There is a growing interest in devops tools, such as Docker, Puppet / Ansible / Puppet / Chef to set up continuous integration, have the same working environment during development, testing, staging and production, and to manage thousands of servers in the cloud. However, I recently thought that some of these technologies could have a real interest as well for a few machines, for personal workstations. These are just some scenarios and use cases that happened to me, I did not test all of them and they may be irrelevant, feel free to let me know :)
Scenario 1: I want a particular dev environment, without breaking everything
First scenario is the most widely discussed around the web: I want my dev environment to be identical to production, but I do not want to break my system (python 2 vs 3, ruby stuff, …). For this purpose, one can use containers (e.g. Docker). I will not elaborate much on this one.

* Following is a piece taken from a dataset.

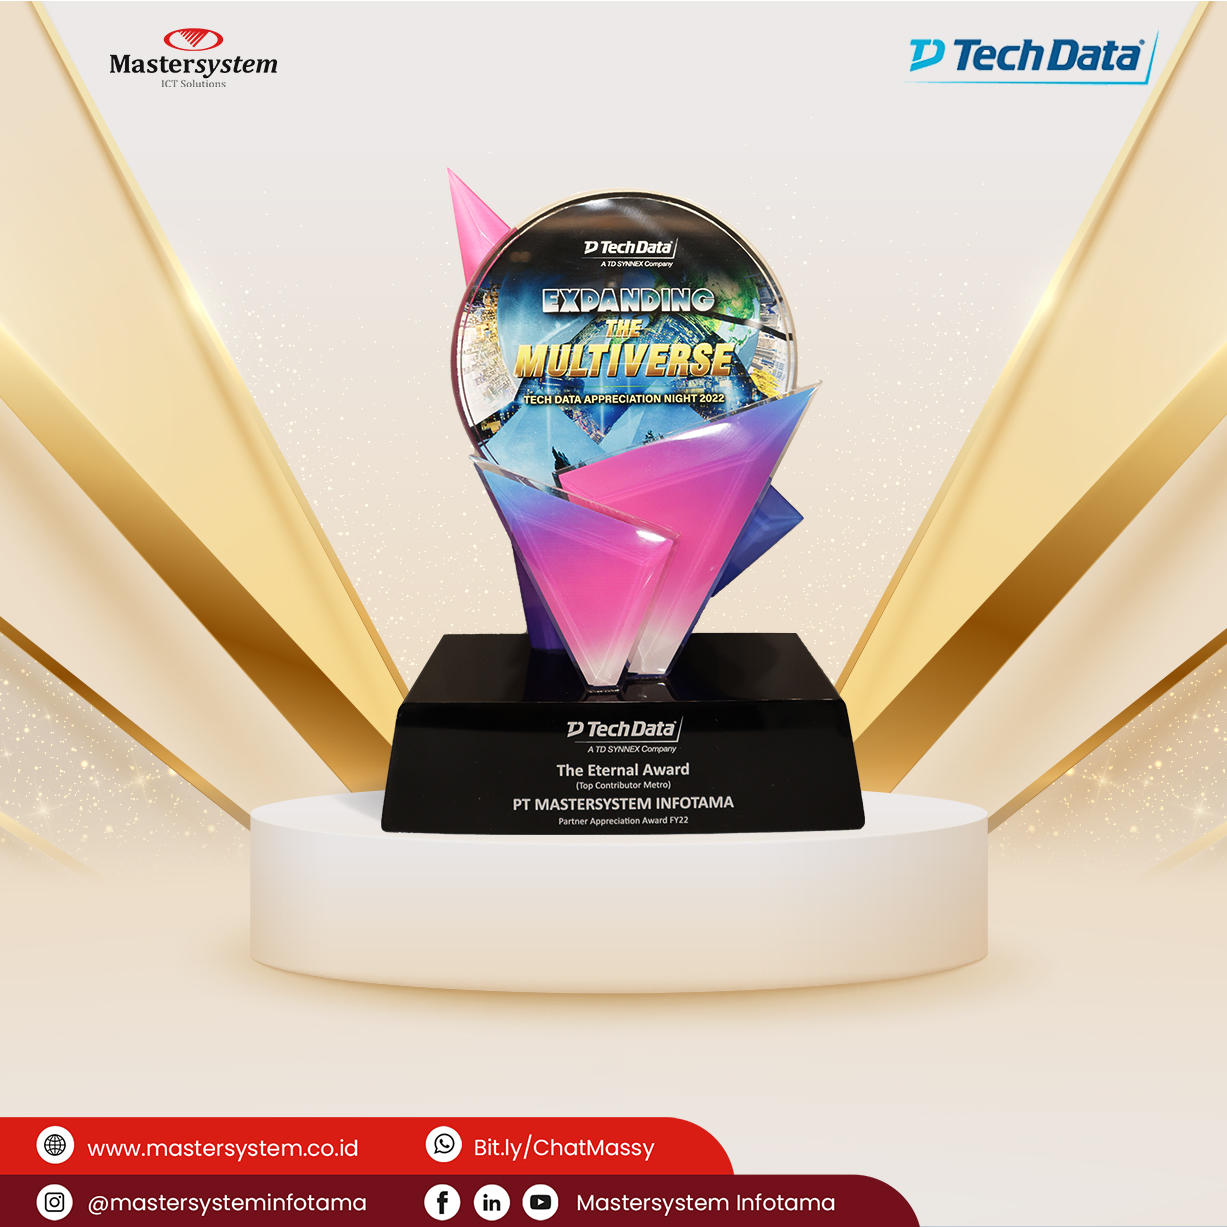 Bukti Kontribusi Majukan Teknologi, Mastersystem Raih Penghargaan dari Tech Data!
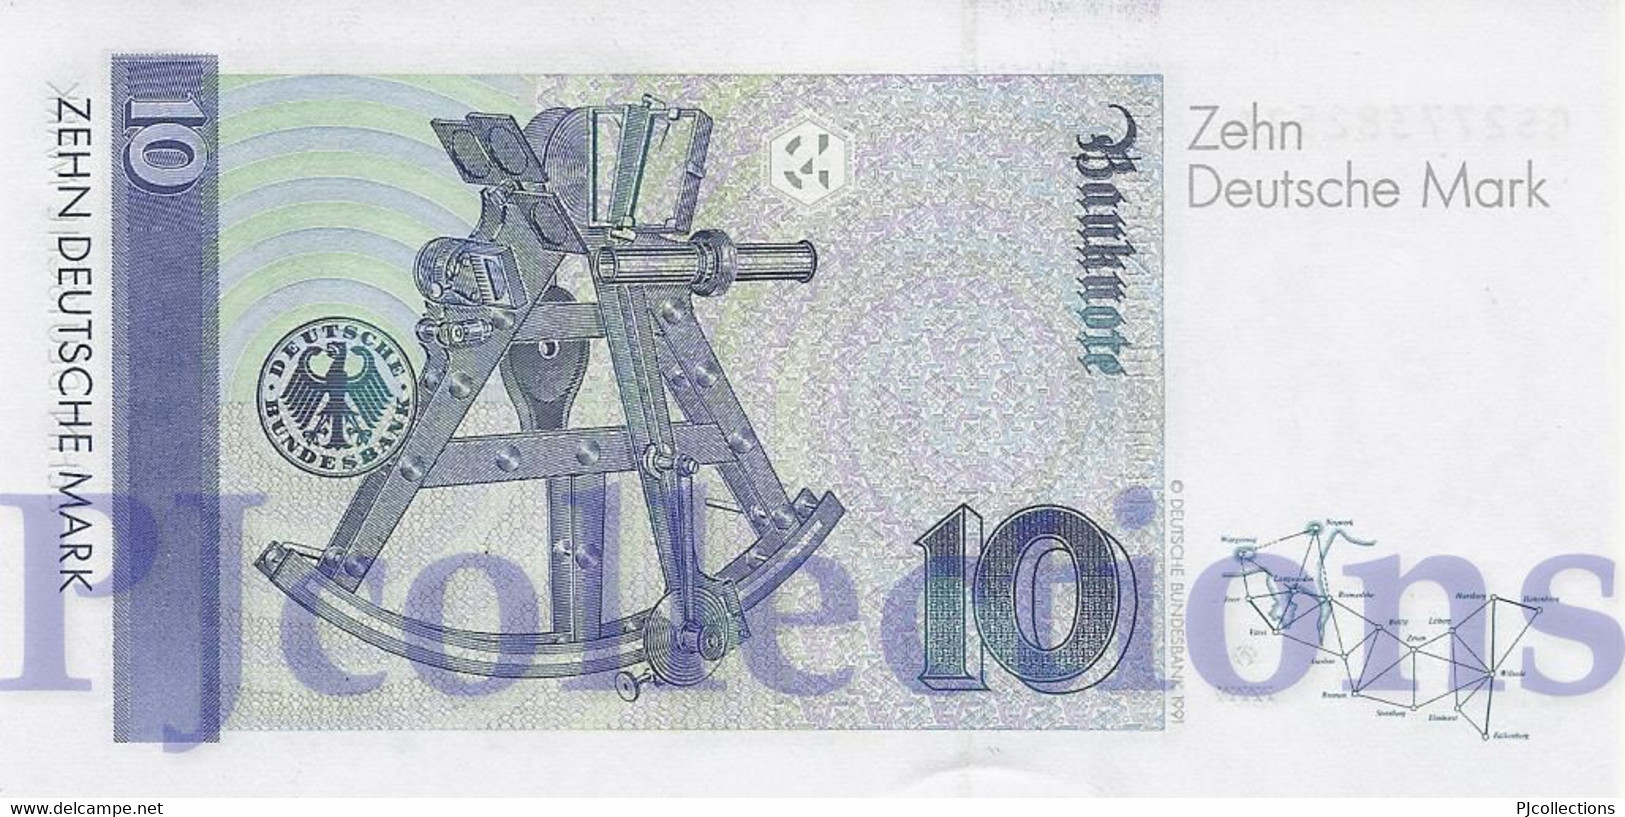 GERMANY FEDERAL REPUBLIC 10 DEUTSCHEMARK 1999 PICK 38d UNC - 10 Deutsche Mark

Scenario 2: I use many different operating systems
Note: I did not tried this scenario.
If you use many different operating systems on the same machine (say Windows and Linux for instance), then why not considering using virtualization? And not some palliative stuff like Virtualbox, but real hypervisors such as KVM or Xen. These are widely used on servers to run multiple VMs, but why not using them at home, on your personal computer?
CPUs today have a lot of virtualization-specific technologies, even on your workstation, and they are powerful enough to handle it. You will benefit from many advantages, starting from easy maintenance of your system (as it is just a VM, it is easier to backup / restore, isolate etc) and things like hot-switching between operating systems.
One problem may be left: handling the graphics card, which may not be easily shared by multiple VMs.
Scenario 3: You want easy backup mechanism
On important point I previously discussed is the ability to recover from any problem, hardware fault for example. It is important on a server, as downtime is a real problem, especially if you have few servers, but it is also a major concern on workstation. Especially as your laptop may fail at anytime: it can experience basic hardware failure, it may fall and break, it may be stolen…
Then, it is important to be able to recover a fully working system fast. One often talk about data backup, and this is indeed the most important as you cannot recover lost data contrary to a lost configuration (set of packages, state of configuration files, …). But this is not all. Reinstalling a system is a time-consuming task, and it is not really interesting.
Devops have came up with tools to deploy a given configuration on many servers, across the cloud. Those are Ansible, Puppet, Chef, Salt and so on. So, why not using them to deploy your computer configuration? If correctly managed, installing your laptop could be as easy as: partitioning the drive, bootstrapping the system (install base packages and set up an SSH access) and running Ansible (which is the most basic and fitted to this particular need) to reinstall everything else. Almost everything would be done automatically, perfect!
However, this requires to maintain a list of installed packages and associated files for Ansible to use, which can be a bit heavy on the run. Then, it could be interesting to have some way to ”blueprint” your system, to generate configuration descriptions from your existing system (as it is easier to install stuff on your system, tweak it and blueprint it after, than it is to do it tweaking Ansible configuration description and running it each time).
To achieve easy blueprinting, another solution is to use etckeeper to store all your files under /etc (as these are the only supposed to be modified by you, as /usr is the domain of your distribution and should not be modified) in a Git repository and keep a track of every changes in them. Restoring from etckeeper and list of installed packages (obtained with pacman) is quite easy and can even be done without Ansible.
On this particular subject of blueprinting, I wrote some Python script for Arch Linux (basically just a wrapper around good pacman commands), available here. It may not be perfect, but will give you a basis to blueprint your system.
Scenario 4: Sync multiple computers
One last scenario is the following: I have three computers on which I work on an almost daily basis (my laptop, my desktop and another computer). Syncing files between them is quite easy (or at least achievable), but syncing configurations between them is much more difficult. In particular as the whole configuration should not be synced, as there is some device-specific configuration (fstab, LVM configuration, SSH host keys and stuff like that). But this problem is exactly the same as syncing multiple servers in the cloud, and is handled very well by Ansible. Plus Ansible let you define task and replicate only some of them on some machines and so on. Then, it is quite easy to synchronize completely multple computers to have the same work environment on all of them.